I have to say I'm very impressed by the performance of major US banks in face of the ongoing industry transformation. Working from the trenches of a major European Bank in NY, I know firsthand the pains that the industry is going through aside from the characteristic cyclicality. To name a few:
- Euro-zone debt crisis
- deleveraging across OECD economies,
- balance sheet cleanup process,
- interest margin compression,
- and post crisis strait-jacket regulation
However, investors should look deeper as these headwinds could mean a long term buying opportunity in an industry set to rebound. To support my view, last week the SEC approved to reinstate JP Morgan's share buy-back program, surprisingly after only five months from the knock down "London Whale" trading scandal, which whipped out more than $6.0B from JPM's balance, and triggered a stock drop of nearly 30%.
Banking industry profit margins have been returning to healthy levels, now nearly 20% below the pre-crisis levels.

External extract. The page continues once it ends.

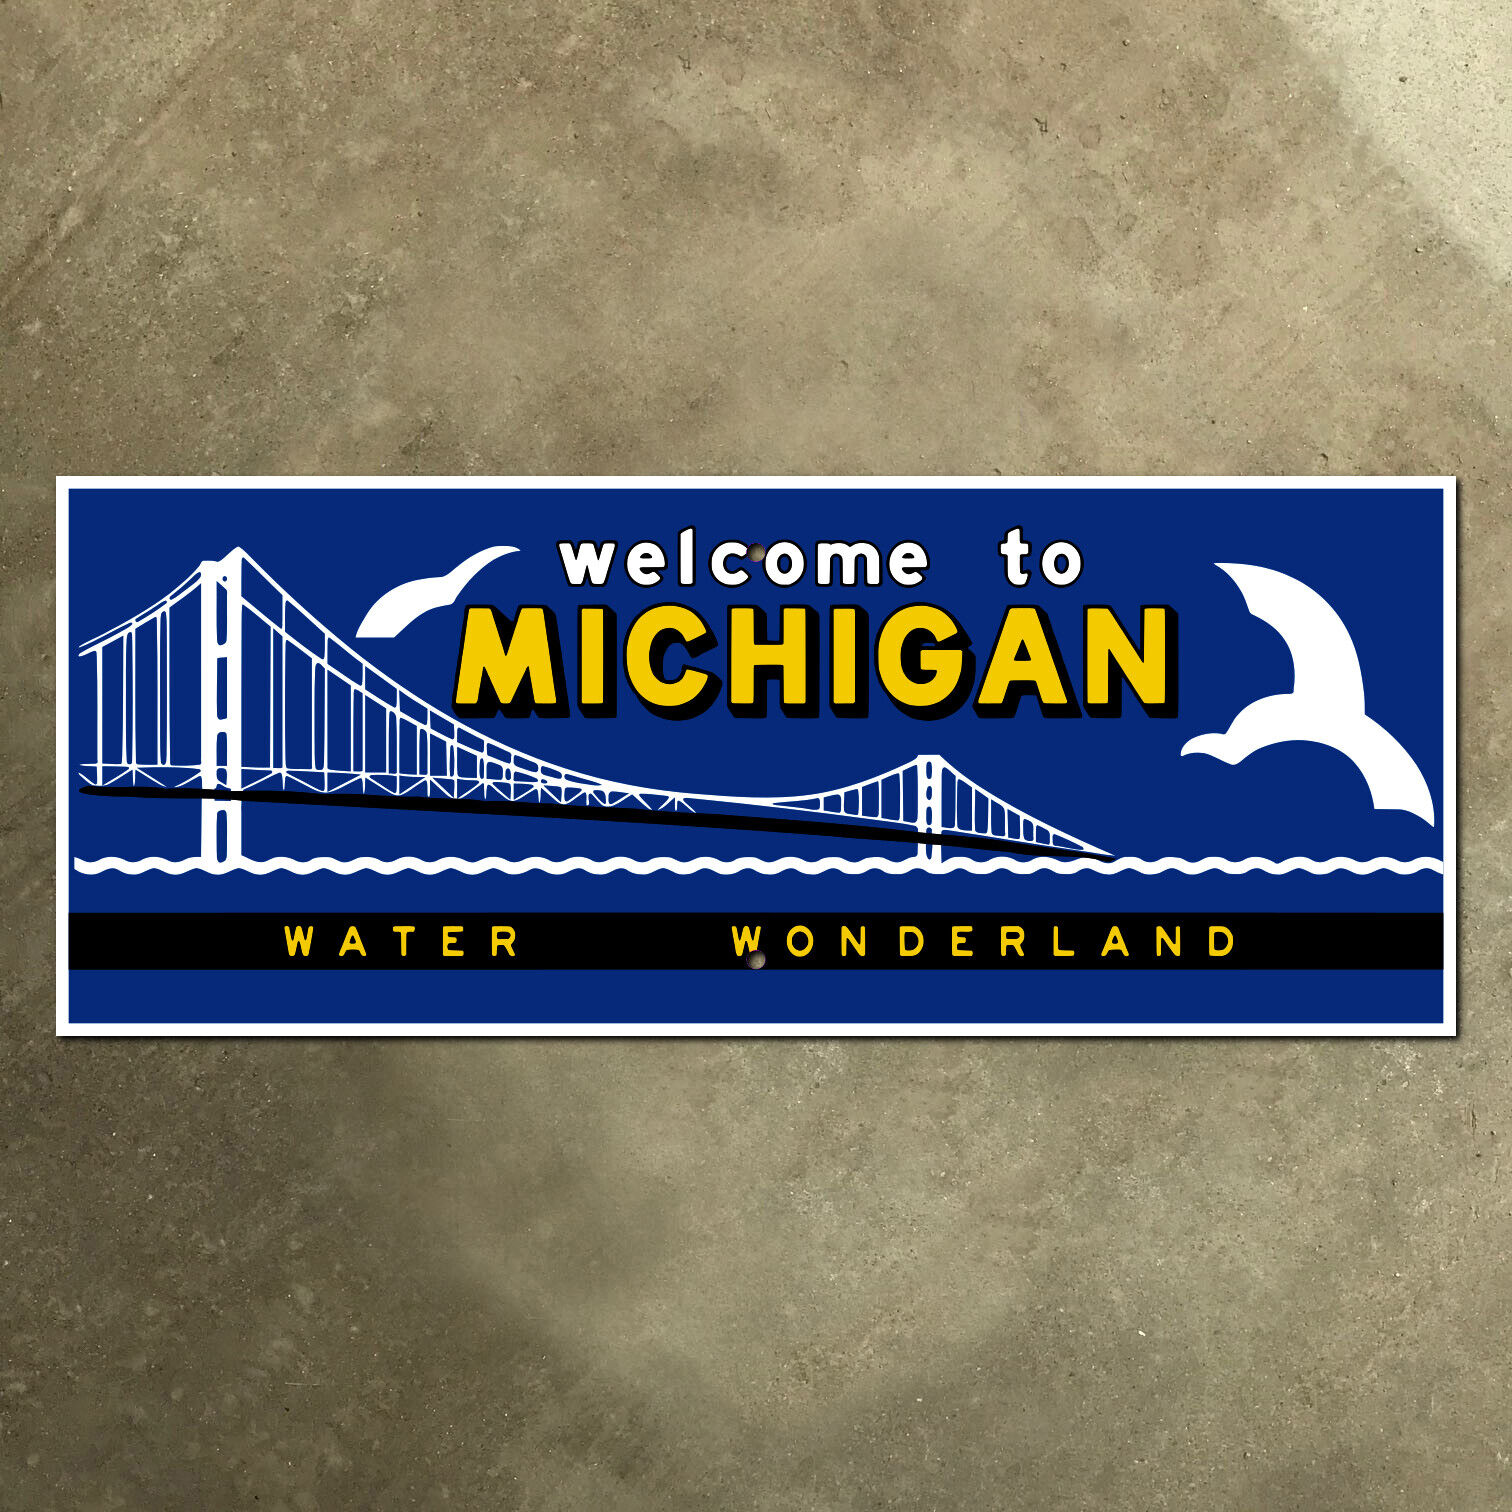 Michigan state line highway marker road sign 1957 water wonderland 27x11

Despite this normalization, the market still values the banks at a discounted book value -KBW Index Price-to-book at nearly 0.8x.
Source: Bloomberg, KBW Bank Index.
Most notable is the fact that banks have returned to profitability on a more solid risk-adjusted basis. US banks have performed surprisingly well under adverse circumstances; managing to cleaning up their balance sheets, redefining their businesses, and complying with the new regulation and with their shareholders expectations to the extent possible. All major banks in our scope exceed the Basel III requirements ahead of the January 1st 2013 deadline.
Source: Bloomberg, KBW Bank Index.
Given the above framework, my goal is to provide an industry comparison to rank the best positioned banks in the US. Below is a list of the major Diversified Banks by market cap and selected performance metrics for my comparison purposes. I rank them from better to worst assigning them values from 1-12; measured here is business operation, balance sheet quality, and stock valuation.
The Overall Winners:
1. Wells Fargo (NYSE:WFC) as its operations add up the most points in this exercise. Despite being a US-only player WFC has the highest NI margin of the group. Noteworthy is the fact that WFC is the second least levered of the banks and ranks second in terms of the quality of its balance sheet - WFC did pretty well and remained profitable amidst the financial crisis despite having acquired the defunct Wachovia Bank.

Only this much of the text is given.